**Task instructions:** All the data should be repeated exactly. Any image in it is left out.

**The data:**
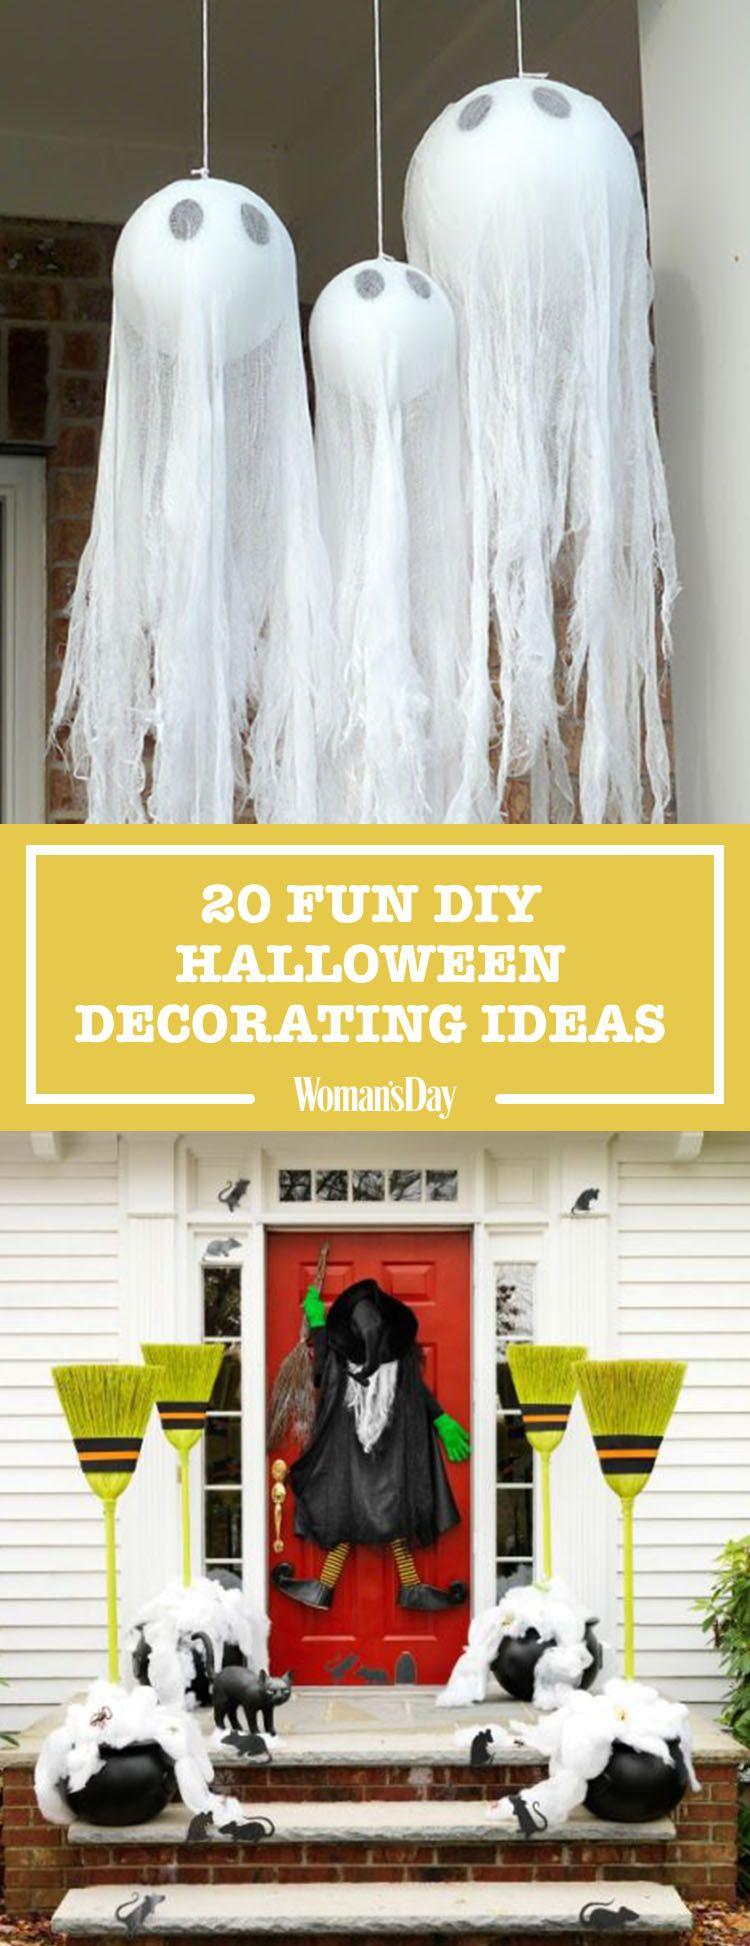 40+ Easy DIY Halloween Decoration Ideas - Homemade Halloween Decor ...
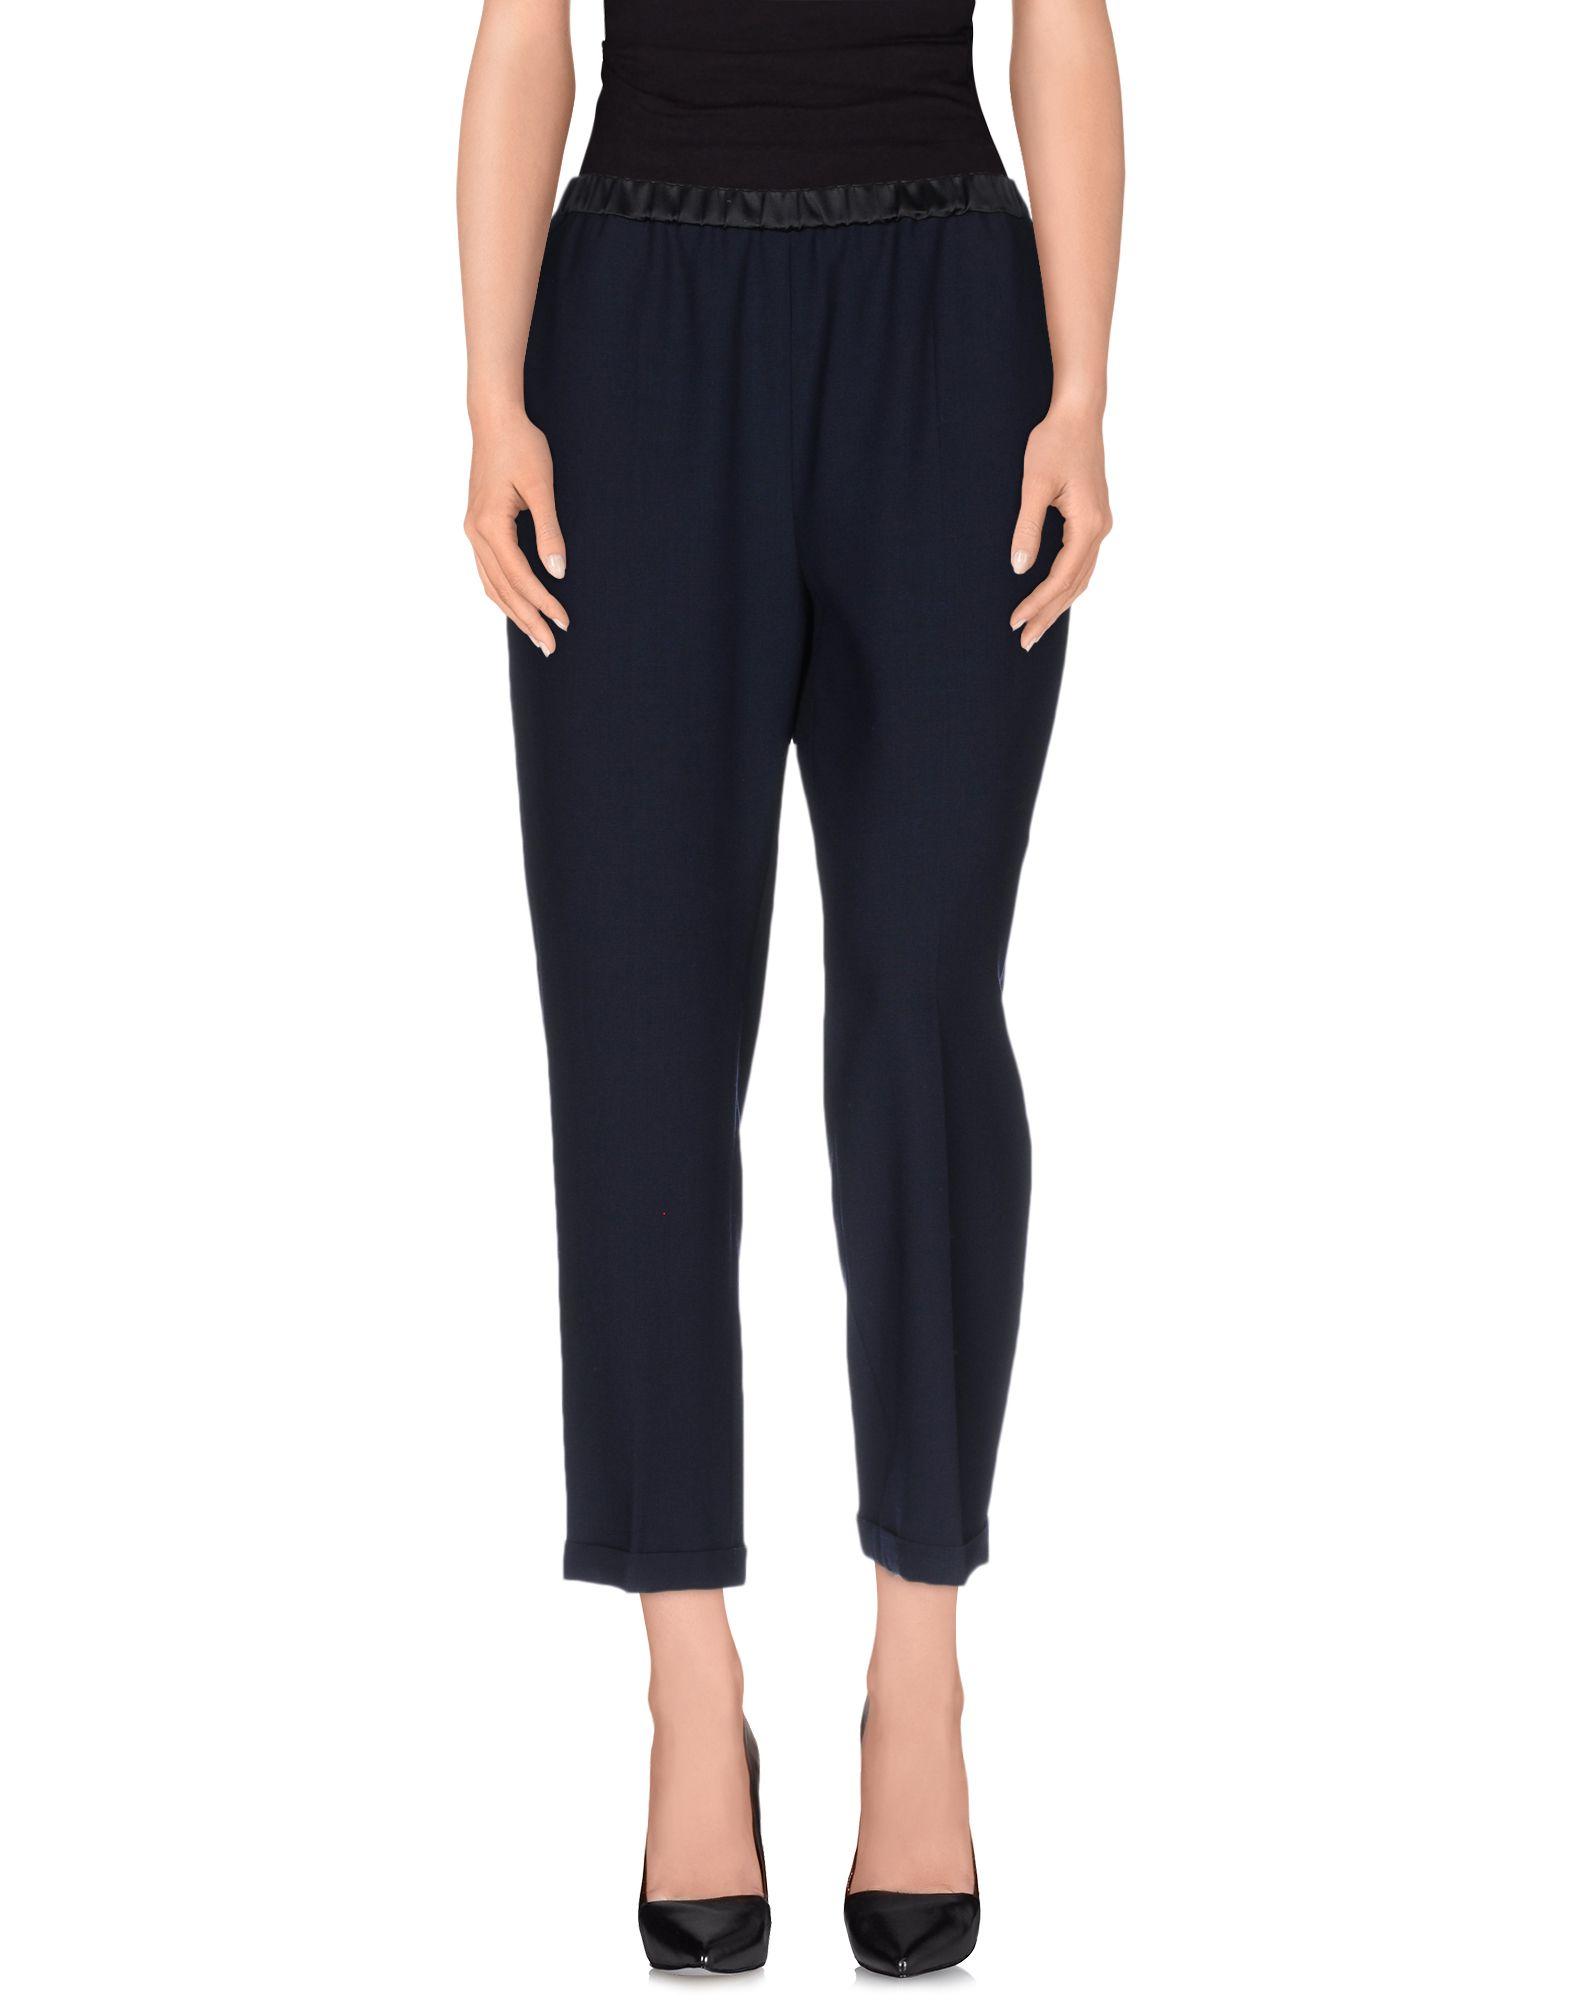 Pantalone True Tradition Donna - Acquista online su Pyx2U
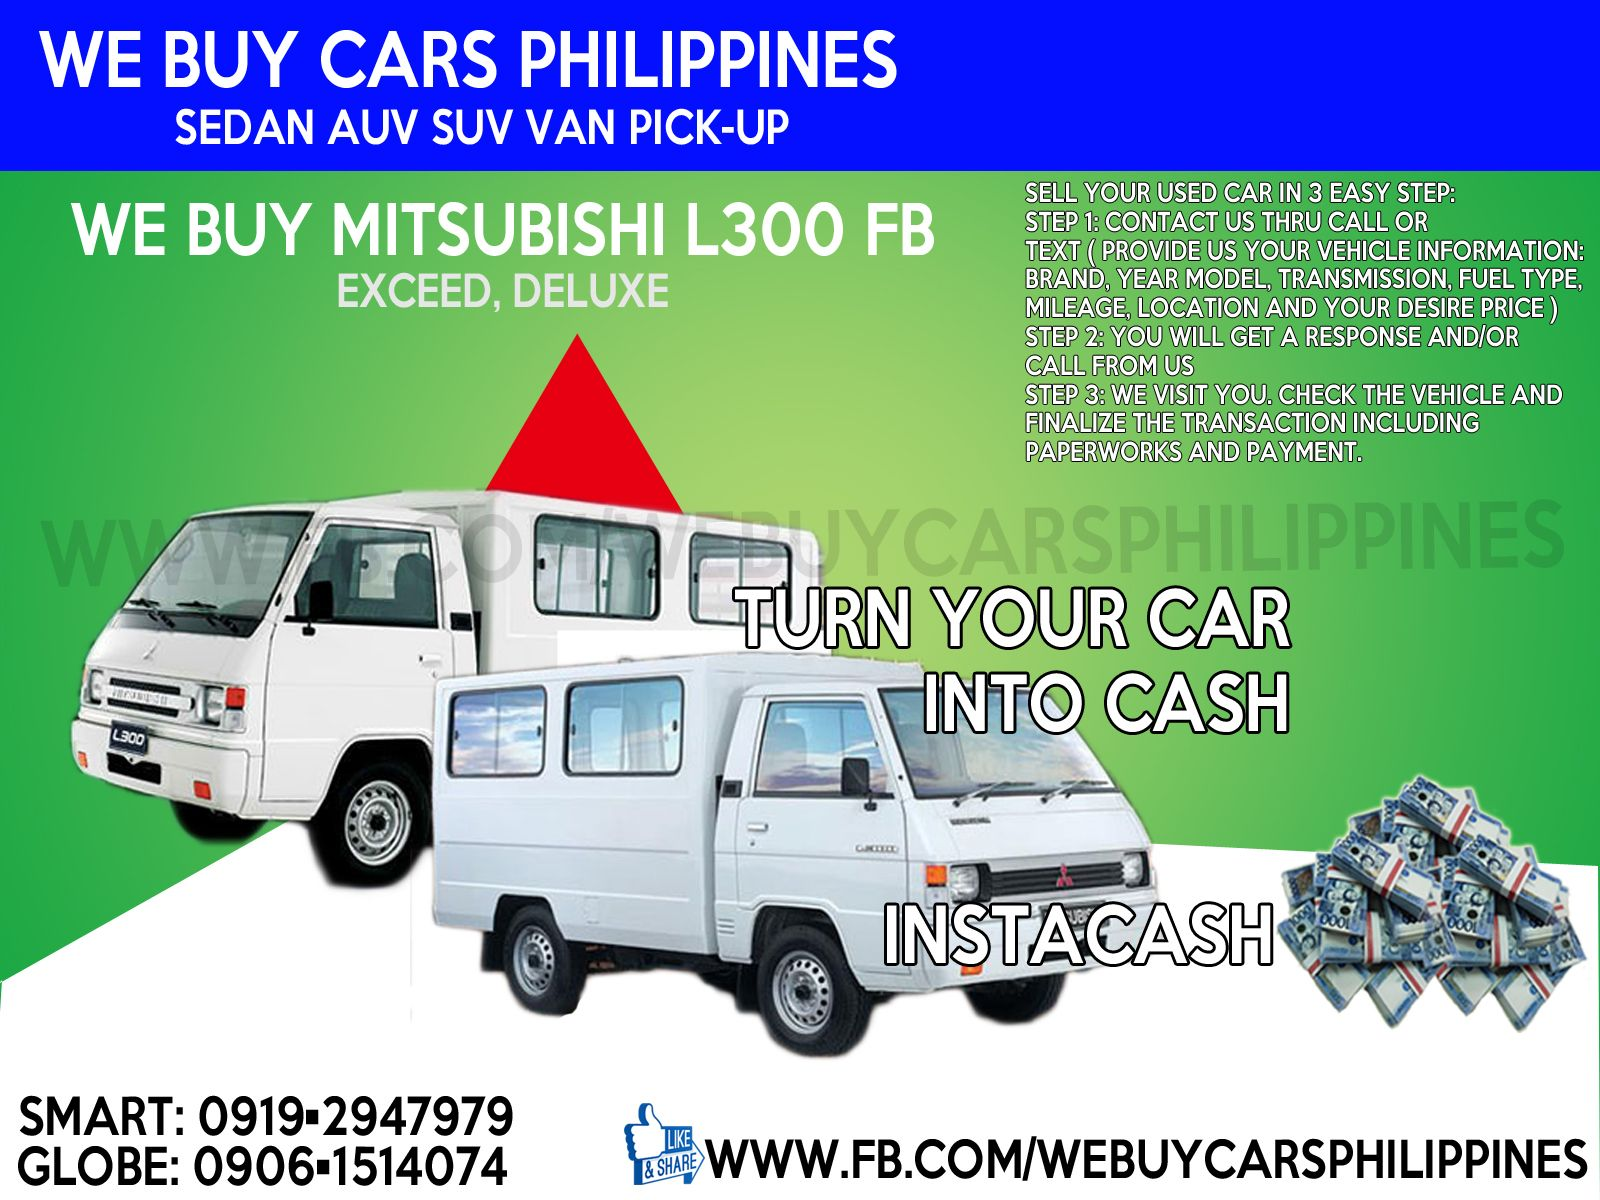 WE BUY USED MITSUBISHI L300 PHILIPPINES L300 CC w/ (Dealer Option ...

**Reply to the exercise:**
 40+ Easy DIY Halloween Decoration Ideas - Homemade Halloween Decor ...
 Pantalone True Tradition Donna - Acquista online su Pyx2U
 WE BUY USED MITSUBISHI L300 PHILIPPINES L300 CC w/ (Dealer Option ...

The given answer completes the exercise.